SynthEval

The SynthEval library is a framework for evaluating the fidelity of tabularised synthetic data compared with real data. Synthetic data is microdata that is artificially generated and thus does not directly correspond to real-world individuals, making it a possible alternative to regular data anonymity. This tool builds on many previous works and compiles them into a single tool to make the evaluation of synthetic data utility and privacy easier for data scientists and researchers alike.

Latest version

The current version of the tool offers a wide selection of metrics, to evaluate how well your synthetic data aligns on privacy and utility. In the current version several metrics are available, and can be used in preconfigured or custom evaluation reports. The benchmark module enables multiaxis comparison of several synthetic versions of the same dataset in parallel.
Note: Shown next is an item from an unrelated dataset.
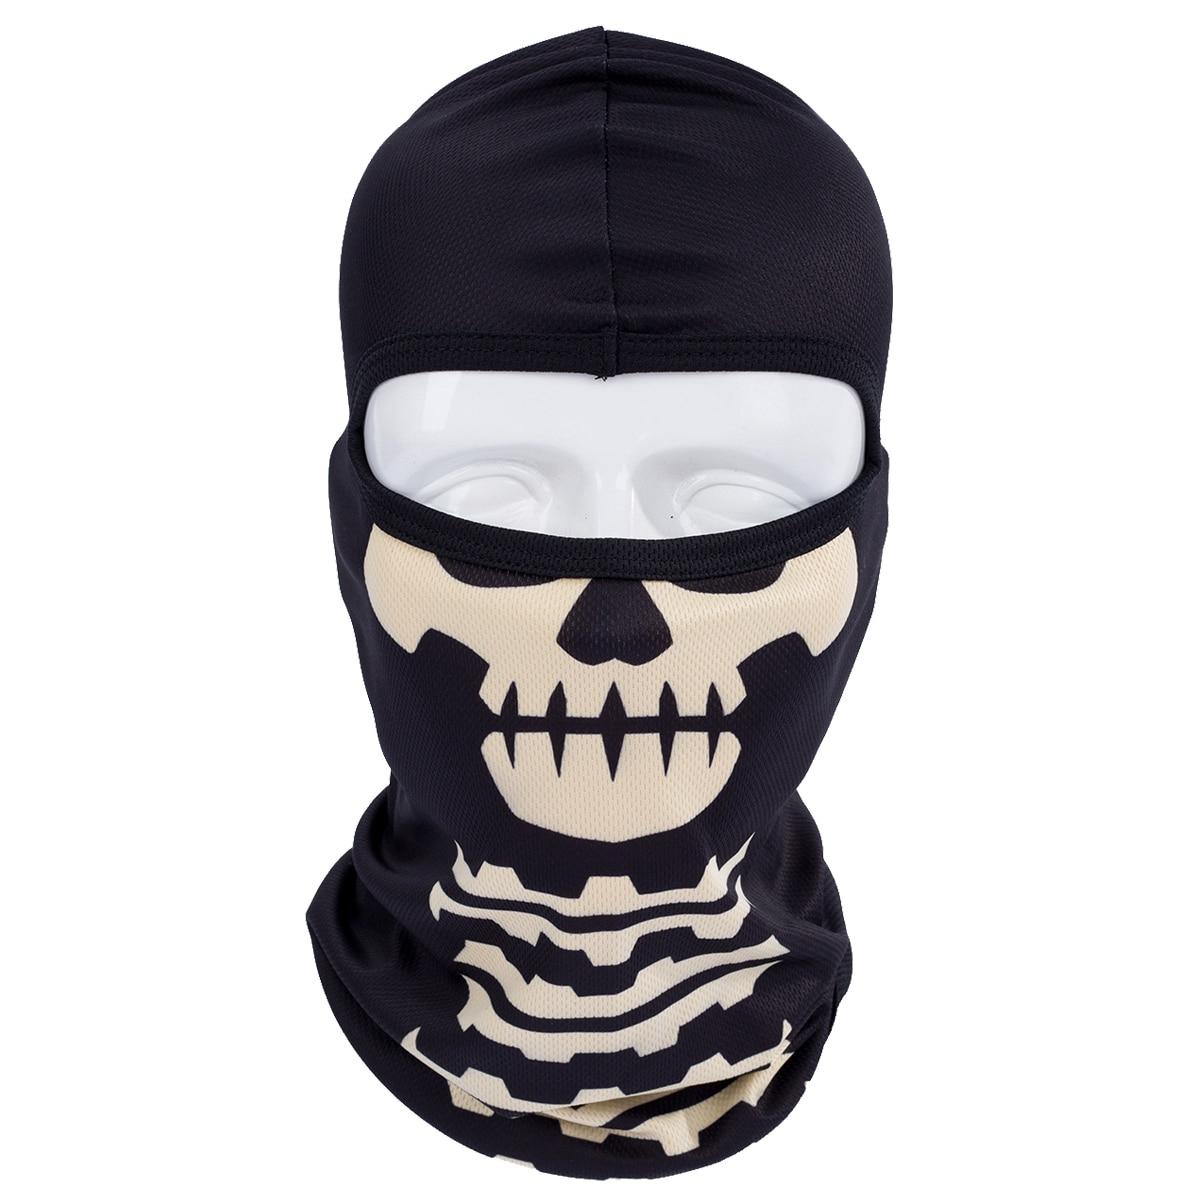 Online Get Cheap Ghost Balaclava Mask -Aliexpress.com | Alibaba Group

If you use our library in your work, you can reference us by citing our paper:

@article{Lautrup2024,
  author = {Lautrup,  Anton D. and Hyrup,  Tobias and Zimek,  Arthur and Schneider-Kamp,  Peter},
  title = {Syntheval: a framework for detailed utility and privacy evaluation of tabular synthetic data},
  publisher = {Springer Science and Business Media LLC},
  journal = {Data Mining and Knowledge Discovery},
  doi = {10.1007/s10618-024-01081-4},
  year = {2024},
  volume = {39},
  number = {1},
}

Installation

Installation with PyPI using

pip install syntheval

User guide

In this section, we briefly outline how to run the main analysis. The library is made to be run with two datasets that look similar, i.e. same number of columns, same variable types and same column and variable names, and will raise errors if that is not the case. The data should be supplied as a pandas dataframes. In Python the library is accessed and run in the following way;

from syntheval import SynthEval

evaluator = SynthEval(df_real, holdout_dataframe = df_test, cat_cols = class_cat_col)
evaluator.evaluate(df_fake, class_lab_col, presets_file = "full_eval", **kwargs)

Where the user supplies df_real, df_test, df_fake as pandas dataframes, the class_cat_col is a complete list of column names (which can be omitted for categoricals to be automatically inferred). Some metrics require a target class, so class_lab_col is a string (or list or AnalysisConfig object) for designating variables as a target for downstream task prediction and plotting colouration. In the evaluate function, a presets file can be chosen ("full_eval", "fast_eval", or "privacy") or alternatively, a filepath can be supplied to a json file with select metrics keywords. Finally, instead of (or in addition to), keyword arguments can be added in the end with additional metrics and their options.

Version 1.4 introduced the benchmark module, that allows a directory of synthetic datasets to be specified for evaluation (or a dictionary of dataframes). All datasets in the folder are evaluated against the training (and test) data on the selected metrics. Three types of rank-derived scoring are available to choose between ("linear", "normal", or "quantile"), assisting in identifying datasets that perform well overall, and on utility and privacy dimensions.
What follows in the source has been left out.